Concepts Covered in Chapter 9:
- Trigonometric values at 2x expressed using values at x.
- Trigonometric values at x represented through values at x/2.
- Values of trigonometric functions at x/2 derived using cos x.
- Values of trigonometric functions at 3x in terms of x.
- Trigonometric values at x in terms of x/3.
- Important standard trigonometric values at specific angles.
RD Sharma Solutions Class 11 Maths - Trigonometric Ratios Of Multiple And Sub Multiple Angles Question with Answers
Derive sin 2A = 2 sin A cos A
Solution: sin(A + A) = sin A cos A + cos A sin A = 2 sin A cos A
Derive cos 2A = cos²A - sin²A
Solution: cos(A + A) = cos²A - sin²A
Find tan 2A in terms of tan A
Solution: tan 2A = [2 tan A] / [1 - tan²A]
Prove sin 3A = 3 sin A − 4 sin³A
Solution: sin 3A = 3 sin A - 4 sin³A
Prove cos 3A = 4 cos³A − 3 cos A
Solution: cos 3A = 4 cos³A - 3 cos A
Prove tan 3A = (3 tan A − tan³A)/(1 − 3 tan²A)
Solution: Using tan(A + 2A) expansion
If tan A = 1, find tan 2A
Solution: tan 2A = ∞ (undefined)
Calculate sin 60° using sin 2A formula
Solution: sin 60° = 2 sin 30° cos 30° = √3/2
Find cos 60° using cos 2A formula
Solution: cos 60° = cos²30° - sin²30° = 1/2
Simplify sin 3x − sin x
Solution: 2 cos 2x sin x
Express cos²A in terms of cos 2A
Solution: cos²A = (1 + cos 2A)/2
Express sin²A in terms of cos 2A
Solution: sin²A = (1 - cos 2A)/2
Find tan A in terms of tan A/2
Solution: tan A = [2 tan(A/2)] / [1 - tan²(A/2)]
Evaluate sin 15°
Solution: sin 15° = (√6 - √2)/4
Evaluate cos 15°
Solution: cos 15° = (√6 + √2)/4
If sin A = 0.6, find cos 2A
Solution: cos 2A = 1 - 2(0.6)² = 0.28
If tan A = 1/3, calculate tan 2A
Solution: tan 2A = 3/4
Find sin 22.5° using half-angle formula
Solution: sin 22.5° = √[(1 - cos 45°)/2]
Find cos 67.5° using half-angle formula
Solution: cos 67.5° = √[(1 + cos 135°)/2]
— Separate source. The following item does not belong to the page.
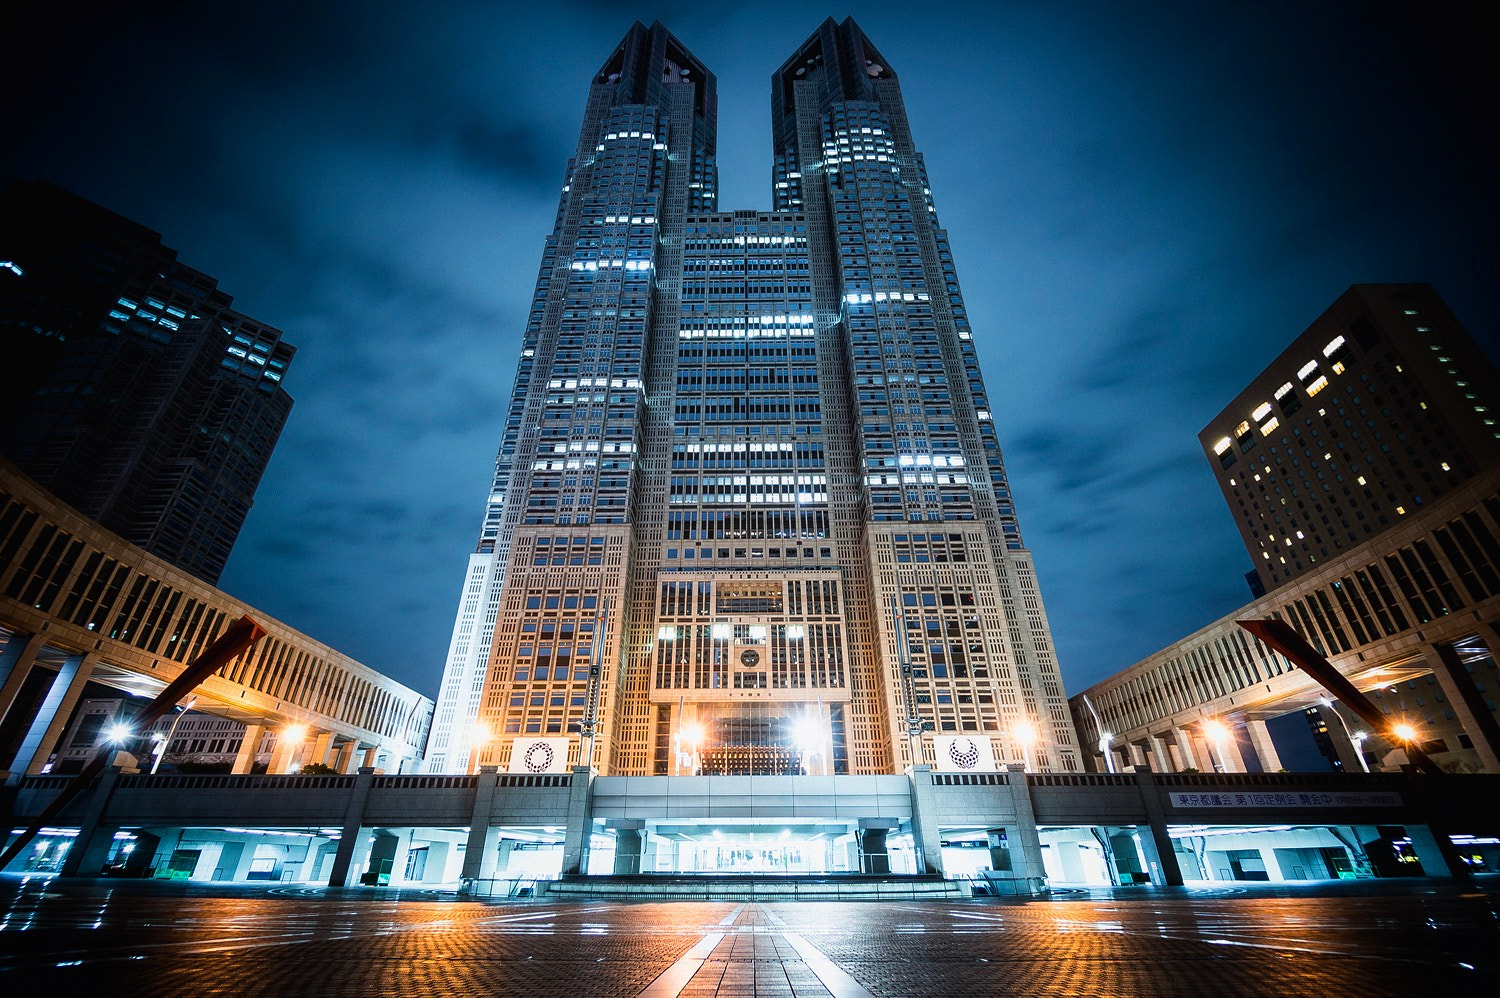 Sony a7 II sample photo. Tokyo metropolitan government office building photography

Express sin 36° using cos 54°
Solution: sin 36° = cos 54°
Express cos 18° in terms of cos 36°
Solution: cos 18° = √[(1 + cos 36°)/2]
Verify sin²A + cos²A = 1
Solution: Identity holds true for all A
If tan A = 2, find tan 2A
Solution: tan 2A = -4/3
Derive sin 4A
Solution: sin 4A = 2 sin 2A cos 2A
Derive cos 4A
Solution: cos 4A = 1 - 2 sin² 2A
Derive tan 4A
Solution: tan 4A = [4 tan A - 4 tan³A] / [1 - 6 tan²A + tan⁴A]
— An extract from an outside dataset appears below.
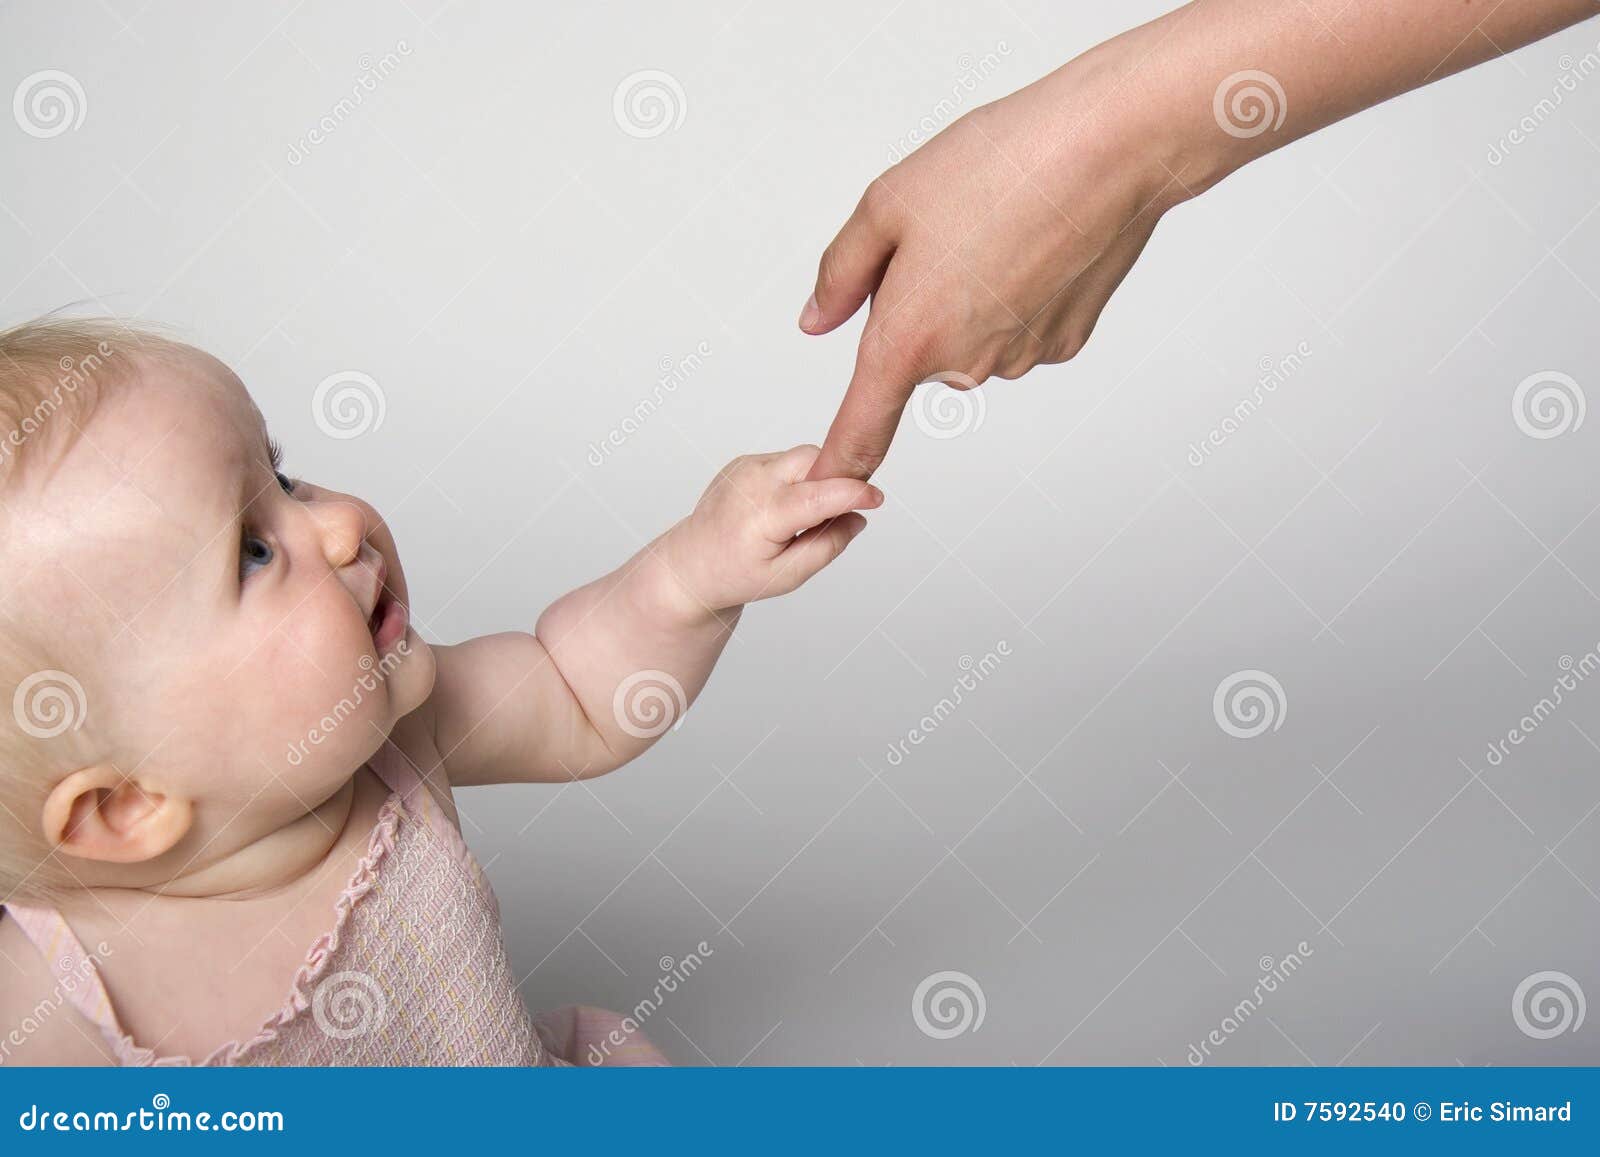 Baby Reaching stock photo. Image of sparse, uncluttered ...

Express sin(A/2) in terms of cos A
Solution: sin(A/2) = √[(1 - cos A)/2]
Express cos(A/2) in terms of cos A
Solution: cos(A/2) = √[(1 + cos A)/2]
Express tan(A/2) in terms of sin A and cos A
Solution: tan(A/2) = sin A / [1 + cos A]
Prove sin 18° = (√5 − 1)/4
Solution: Using multiple angle identity, sin 18° = (√5 − 1)/4
Frequently Asked Questions
Chapter 9 in RD Sharma Class 11 Maths focuses on the values of trigonometric functions at multiples and submultiples of angles. It explains how trigonometric values like sin, cos, and tan change when the angle is doubled, tripled, or halved. The chapter also introduces essential identities to simplify trigonometric calculations, which are crucial for board exams and competitive tests like JEE.
Chapter 9 contains three exercises. Each exercise is designed to strengthen a student's understanding of multiple and submultiple angle identities, along with their applications in solving trigonometric expressions.
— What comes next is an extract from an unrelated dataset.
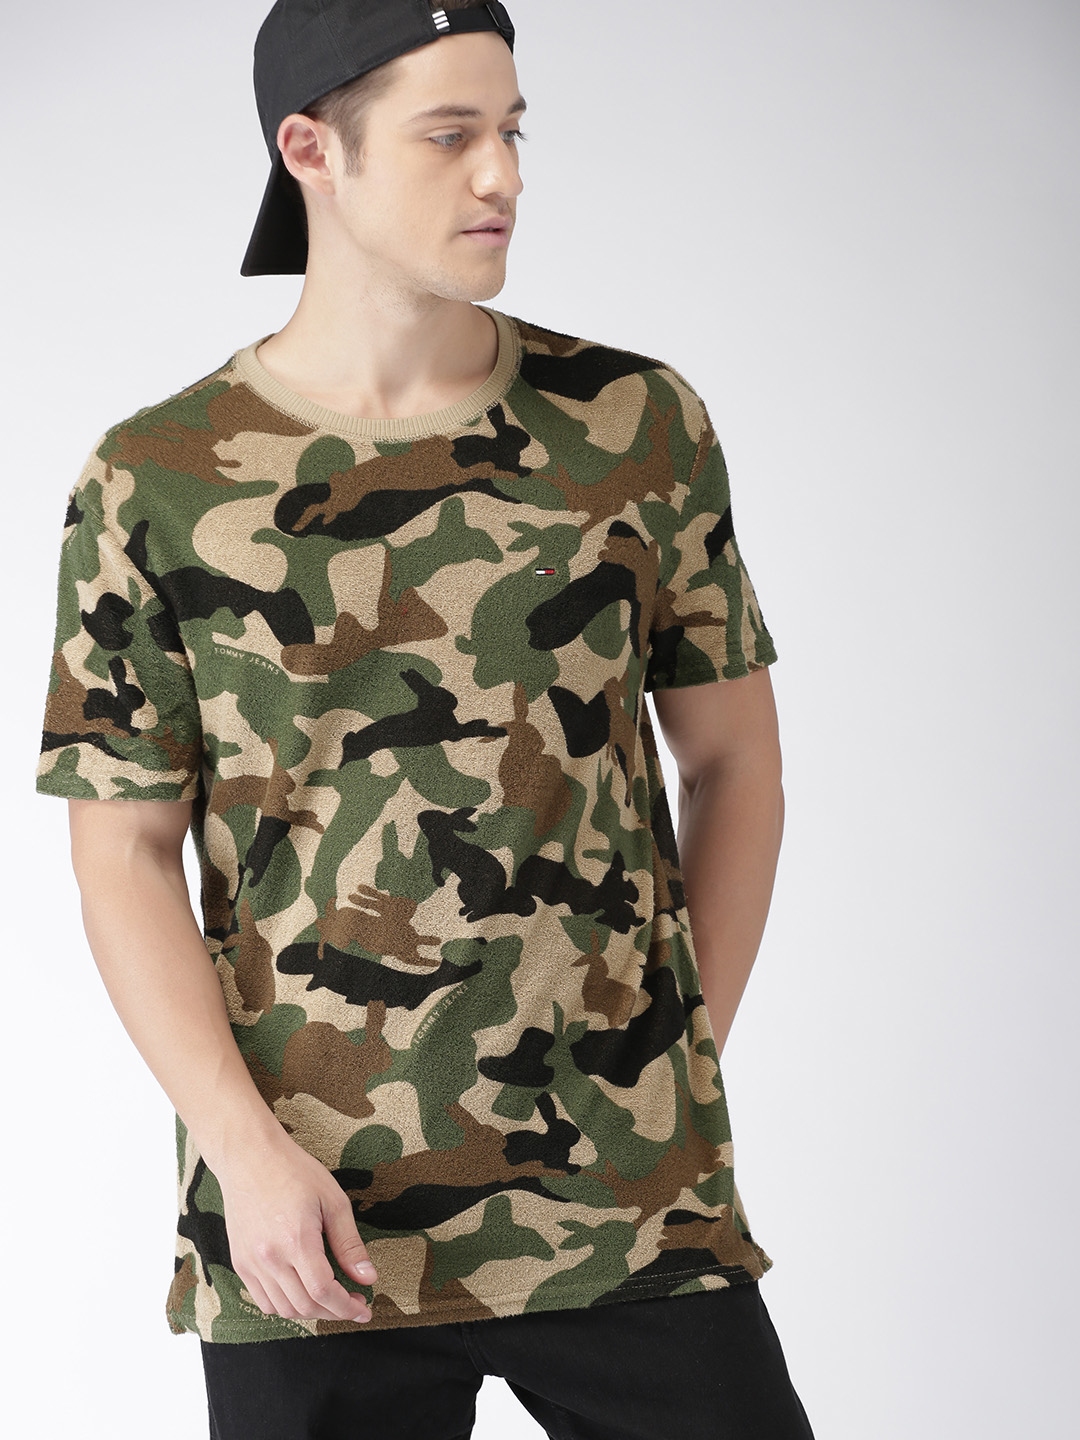 tommy hilfiger camouflage shirt

Practicing RD Sharma Chapter 9 Solutions helps students to:
Understand the core concepts behind multiple and submultiple angles.
Quickly simplify complex trigonometric expressions.
Boost accuracy and speed in board exams.
Build a strong foundation for higher-level topics like calculus and trigonometric equations.
Yes, the formulas and problem-solving methods from this chapter are directly useful for JEE Main, JEE Advanced, NDA, and other entrance exams. Mastery over angle transformation formulas helps students tackle complex trigonometry problems efficiently in competitive exams.
You can easily access step-by-step, easy-to-understand RD Sharma Chapter 9 Solutions on trusted educational platforms like Infinity Learn. These solutions follow the latest CBSE syllabus and are presented in student-friendly language, making them ideal for both quick revision and in-depth study.